Birincisi Montrö tartışması. Montrö tartışmasını AKP başlattı. AKP’nin meclis başkanı başlattı. Bu tartışmalar başladıktan sonra enteresan işler oldu. Montrö tartışmaları başladıktan hemen sonra irticayla ilgili bir gelişme yaşandı Türkiye’de. Harp okullarına ve astsubay okullarına girişteki irticaya bulaşmamış olma şartı kaldırıldı.
Bu çok açık bir şekilde irticacıların da harp okullarına girebileceği şeklinde algılandı. Bunu da yapan AKP iktidarı. Bu tartışılırken enteresan bir gelişme daha oldu. Askeri kurslarda Atatürk çıkarıldı. Anlaşıldı ki aslında böyle bir şey yok.
Yani topluma bir doğru bilgi verilirken, hemen peşinden bir yanlış bilgi verildi. Ve yanlış bilgiye yalan denilerek ilk konu flulaştırıldı. Toplumu, doğru bilgiyle yanlış bilgiyi manipüle ettiler.”

“HİÇ DERS ALINMAMIŞ, HALA AYNISI YAŞANIYOR”
“Hemen peşinden kaynağı belirsiz bir şekilde takkeli amiral fotoğrafı çıktı. Takkeli amiral kim? Rütbesinden kim olduğuna kadar, her şey yazılıyor.
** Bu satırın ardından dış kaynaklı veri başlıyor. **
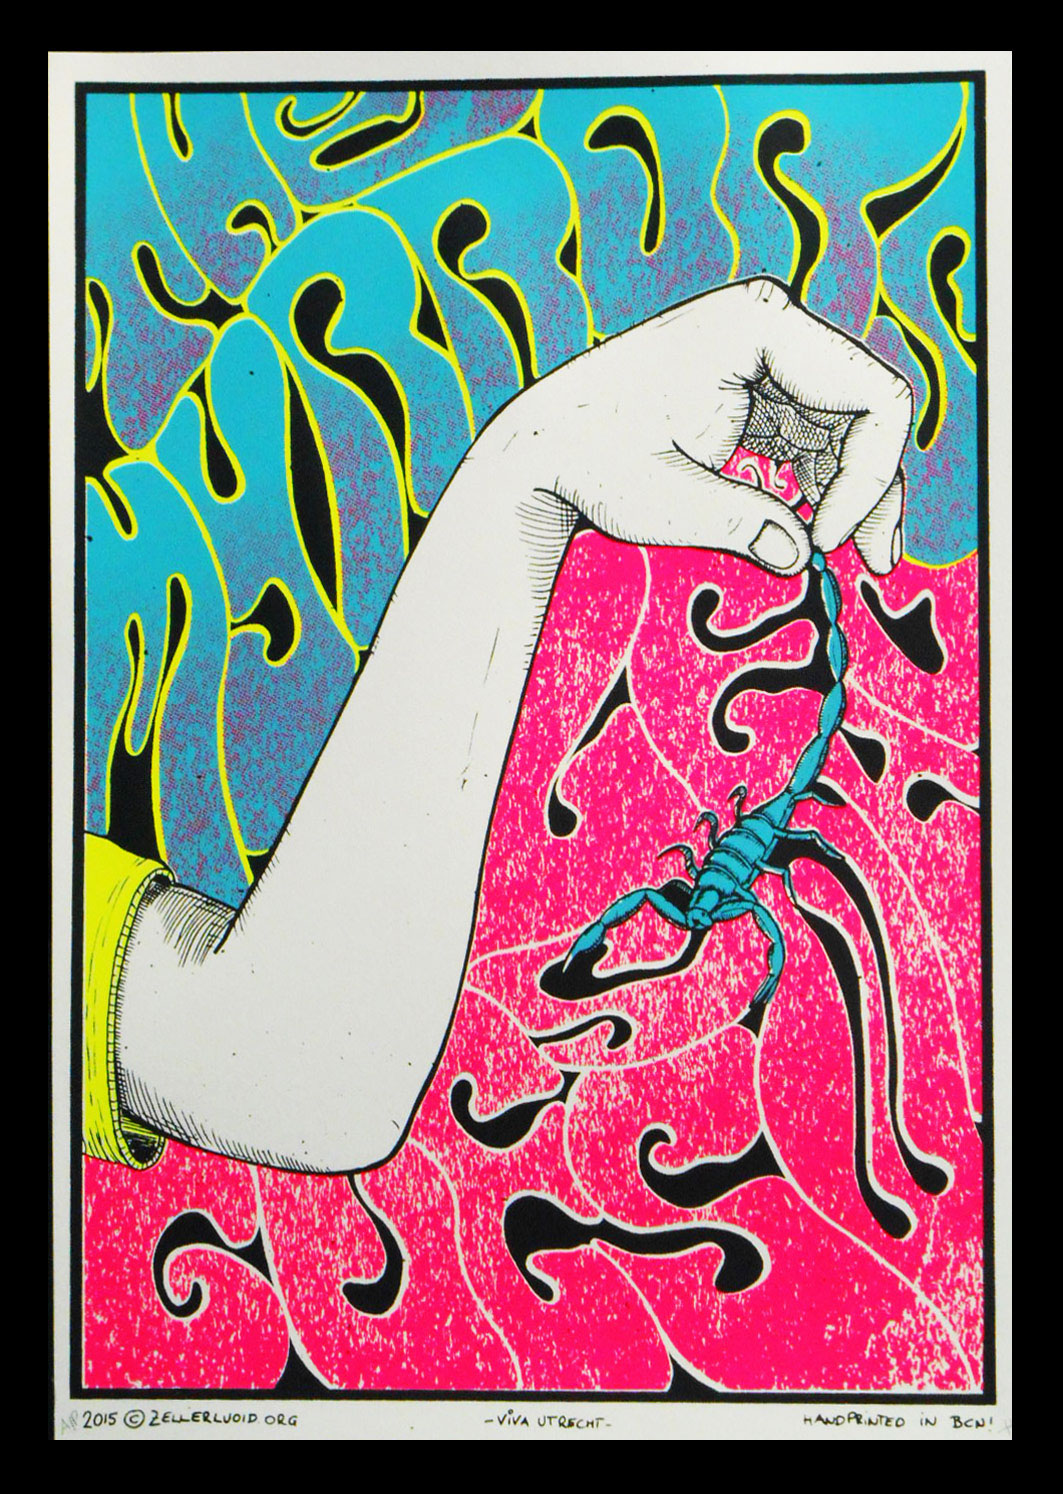 The Myrrors poster GigPoster zellerluoid handmade barcelona the bicycle press limited edition le guess who? screenprint serigrafia official utrecht festival arizona

Bir anda bu tartışılırken, topluma bir internet üzerinden bir generalin kandil mesajı verildi.
Hemen takkeli amiralle, generalin kandil mesajıyla ilgili kendini laik hisseden medyada bir tartışma başladı. Şimdi takkeli amiralle generalin kandil mesajı yazılırken aslında anlaşıldı o kandil mesajını atan general 15 Temmuz darbesinde devleti ve rejimi savunmak için mermilere kendisini siper etmiş ve 7 yerinden vurulmuş bir kahraman general.
Şimdi ne oldu kendini laik hisseden medya, takkeli amirali eleştireyim derken bir 15 Temmuz kahramanı generali yerden yere vurmuş oldu. Aradan bu kadar zaman geçtiği halde hiç ders alınmamış aynısı yaşanıyor.”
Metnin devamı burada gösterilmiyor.